* _PROBLEM DESCRIPTION_
All entries are to be copied exactly, with pictures removed.

[Saved entries]
# # # #

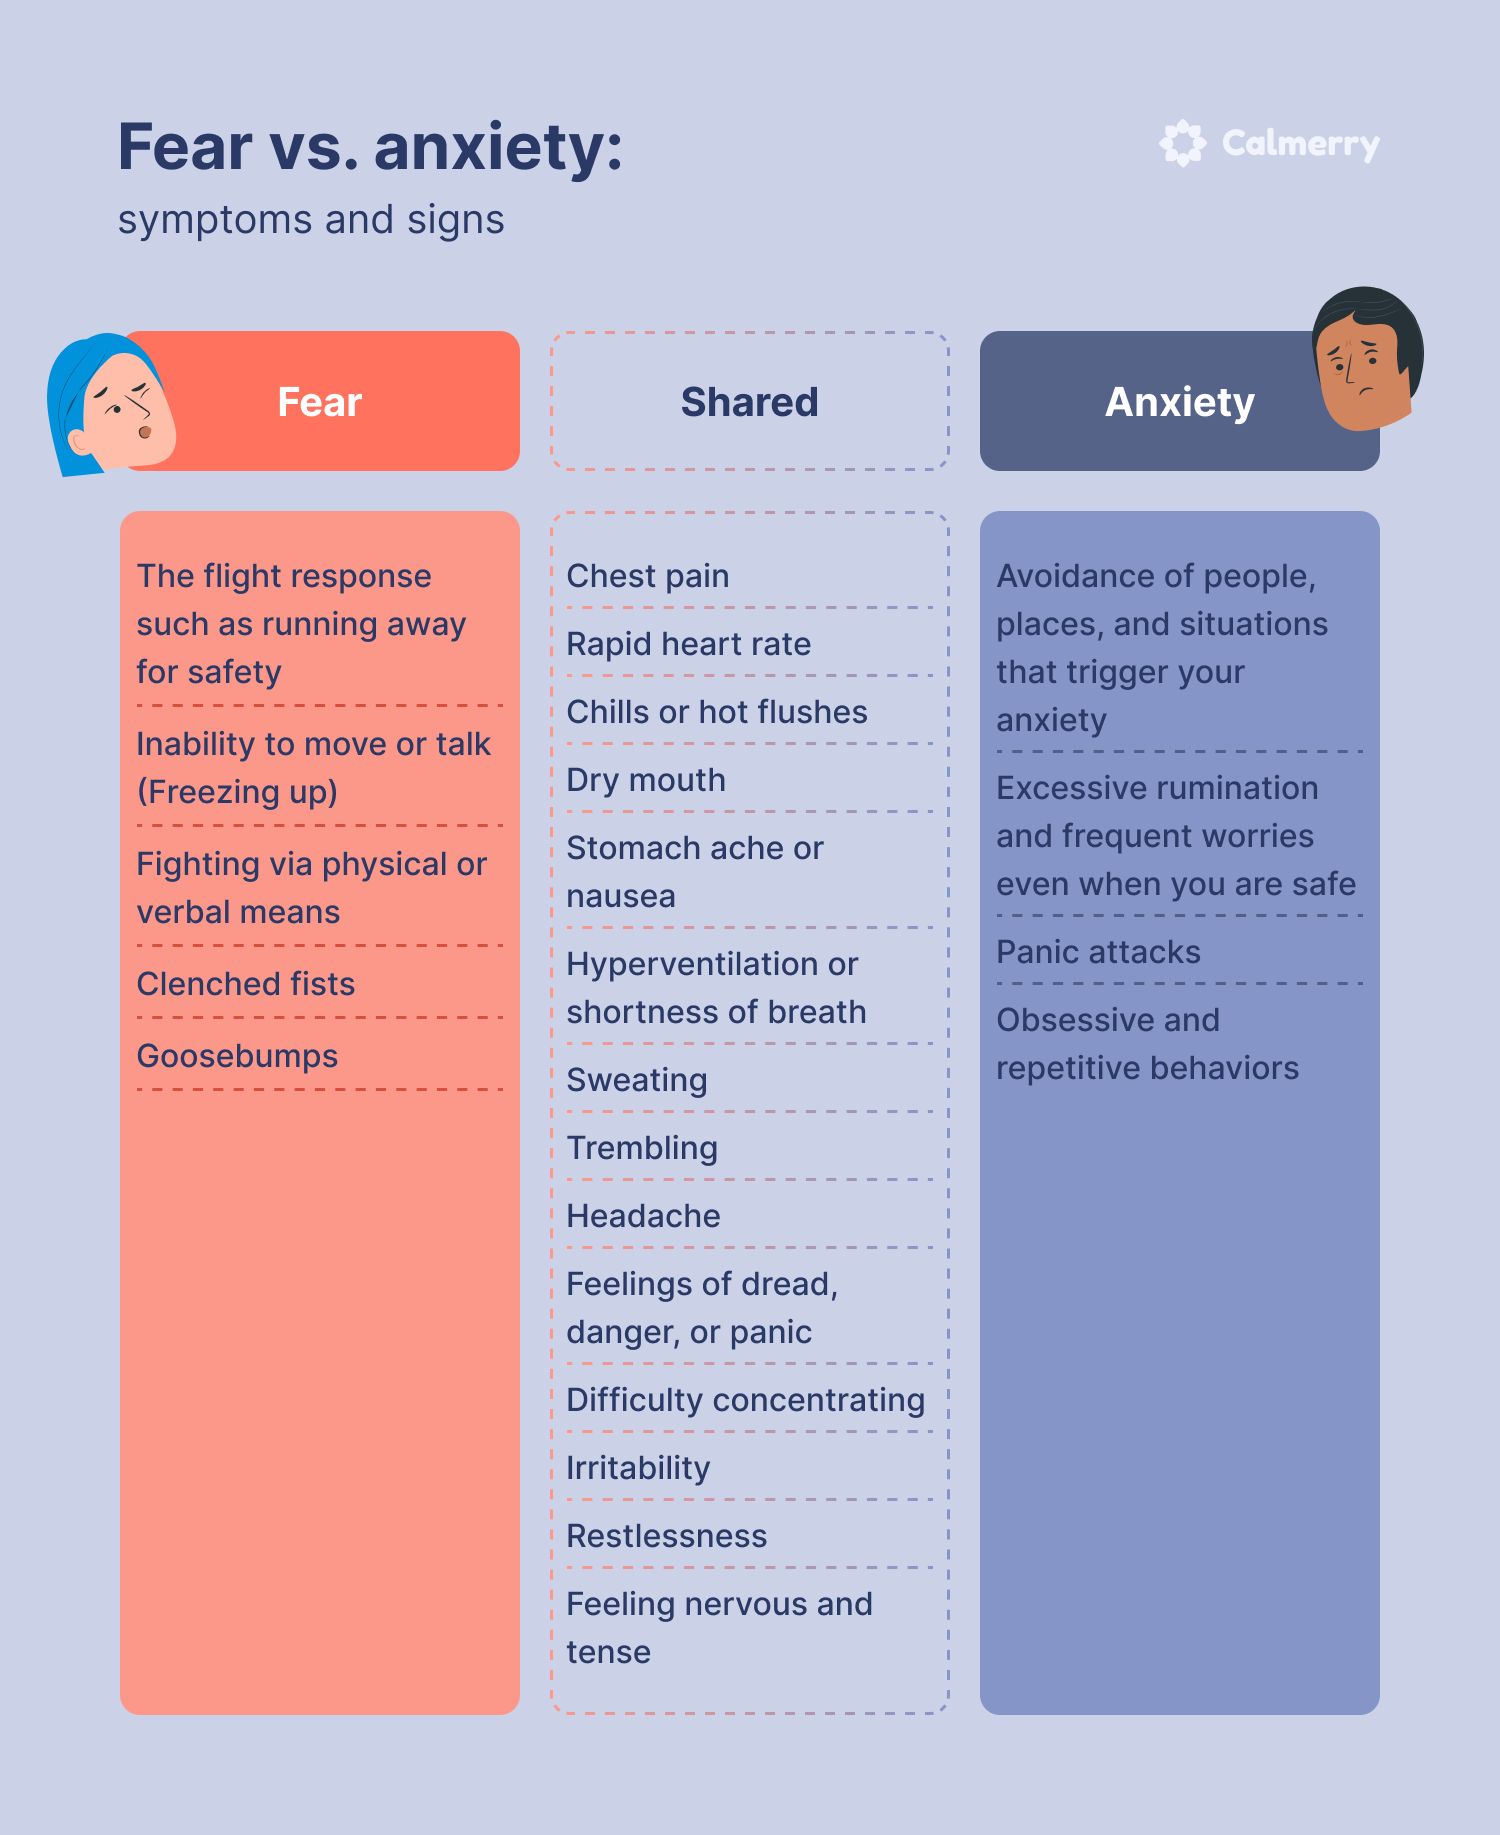 The image displays a comparison titled "Fear vs. anxiety: symptoms and signs" with the "Calmerry" logo in the top right corner. It has three columns, each with a distinct color and a graphic of a person's head to symbolize the emotion.

The left column, in red, labeled "Fear," lists symptoms associated with fear:

The flight response such as running away for safety
Inability to move or talk (Freezing up)
Fighting via physical or verbal means
Clenched fists
Goosebumps
The middle column, in gray, labeled "Shared," lists symptoms common to both fear and anxiety:

Chest pain
Rapid heart rate
Chills or hot flashes
Dry mouth
Stomach ache or nausea
Hyperventilation or shortness of breath
Sweating
Trembling
Headache
Feelings of dread, danger, or panic
The right column, in blue, labeled "Anxiety," lists symptoms associated with anxiety:

Avoidance of people, places, and situations that trigger your anxiety
Excessive rumination and frequent worries even when you are safe
Panic attacks
Obsessive and repetitive behaviors
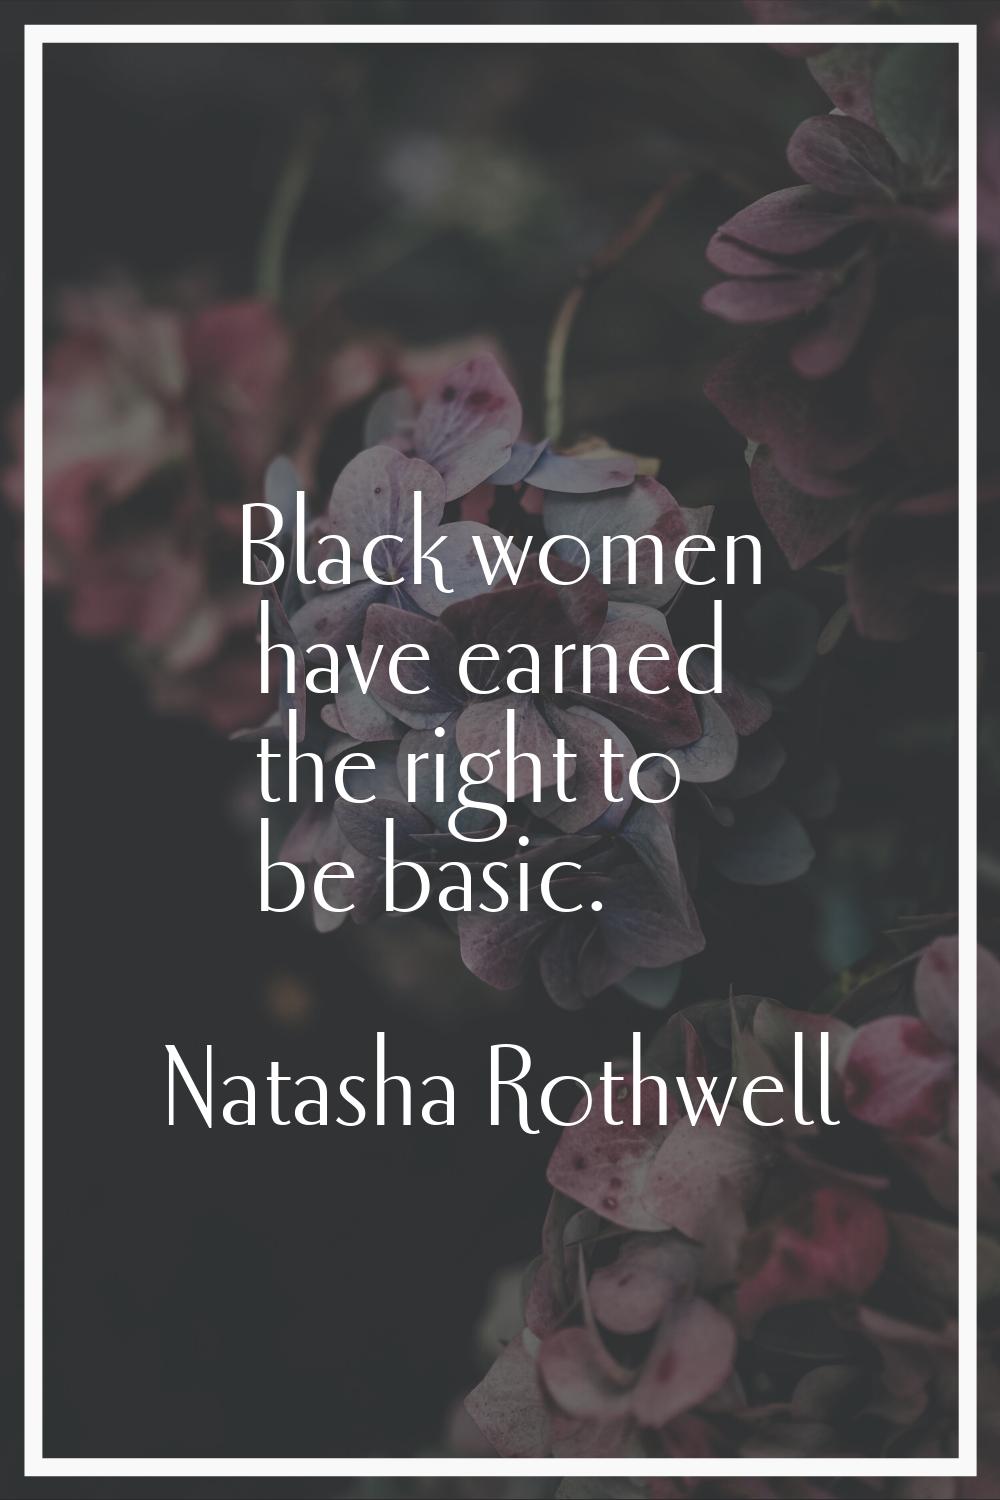 Black women have earned the right to be basic.

# # # #

* _ANSWER TO THE EXERCISE_
 The image displays a comparison titled "Fear vs. anxiety: symptoms and signs" with the "Calmerry" logo in the top right corner. It has three columns, each with a distinct color and a graphic of a person's head to symbolize the emotion.

The left column, in red, labeled "Fear," lists symptoms associated with fear:

The flight response such as running away for safety
Inability to move or talk (Freezing up)
Fighting via physical or verbal means
Clenched fists
Goosebumps
The middle column, in gray, labeled "Shared," lists symptoms common to both fear and anxiety:

Chest pain
Rapid heart rate
Chills or hot flashes
Dry mouth
Stomach ache or nausea
Hyperventilation or shortness of breath
Sweating
Trembling
Headache
Feelings of dread, danger, or panic
The right column, in blue, labeled "Anxiety," lists symptoms associated with anxiety:

Avoidance of people, places, and situations that trigger your anxiety
Excessive rumination and frequent worries even when you are safe
Panic attacks
Obsessive and repetitive behaviors
 Black women have earned the right to be basic.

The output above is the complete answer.